How far apart are the foci of an ellipse with a major axis of 34 feet and a minor axis of 16 feet?
The distance between the foci of an ellipse can be found using the formula:
c = √(a^2 - b^2)
Where a is the length of the semi-major axis and b is the length of the semi-minor axis. The distance between the foci is equal to two times c.
In this case, the length of the major axis is 34 feet, so the length of the semi-major axis is 17 feet. The length of the minor axis is 16 feet, so the length of the semi-minor axis is 8 feet.
Using the formula above, we can find the distance between the foci:
c = √(17^2 - 8^2) = √225 = 15
Therefore, the distance between the foci is twice c:
2c = 2(15) = 30 feet.
So, the foci are 30 feet apart.
To find the distance between the foci of an ellipse, we can use the equation:
c^2 = a^2 - b^2
Where:
- c is the distance between each focus and the center of the ellipse.

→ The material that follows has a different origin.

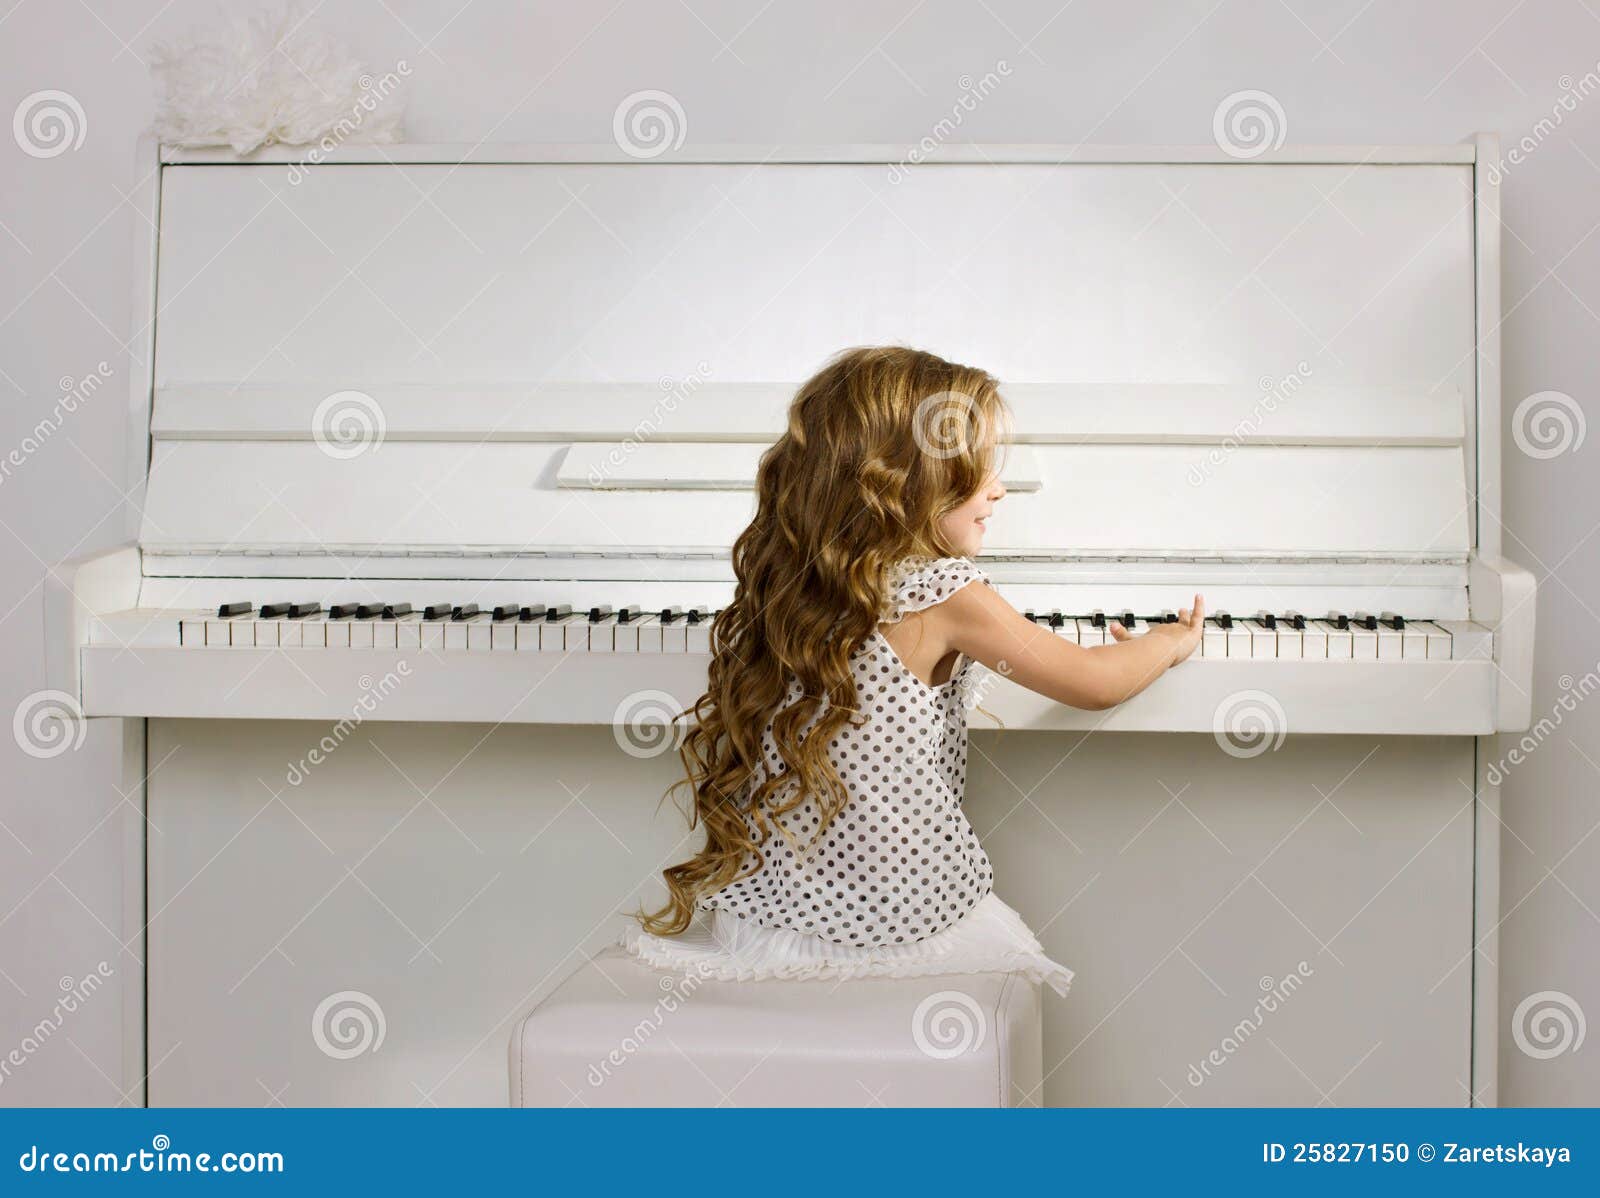 弹钢琴的美女桌面壁纸 - 25H.NET壁纸库

- a is the semi-major axis (half of the major axis).
- b is the semi-minor axis (half of the minor axis).
In this case, the major axis is 34 feet, so the semi-major axis (a) is 34 / 2 = 17 feet.
The minor axis is 16 feet, so the semi-minor axis (b) is 16 / 2 = 8 feet.
Now, we can calculate the distance between the foci (c):
c^2 = 17^2 - 8^2
c^2 = 289 - 64
c^2 = 225
To find c, we take the square root of both sides of the equation:
c = √225
c = 15 feet
Thus, the distance between the foci of the ellipse is 15 feet.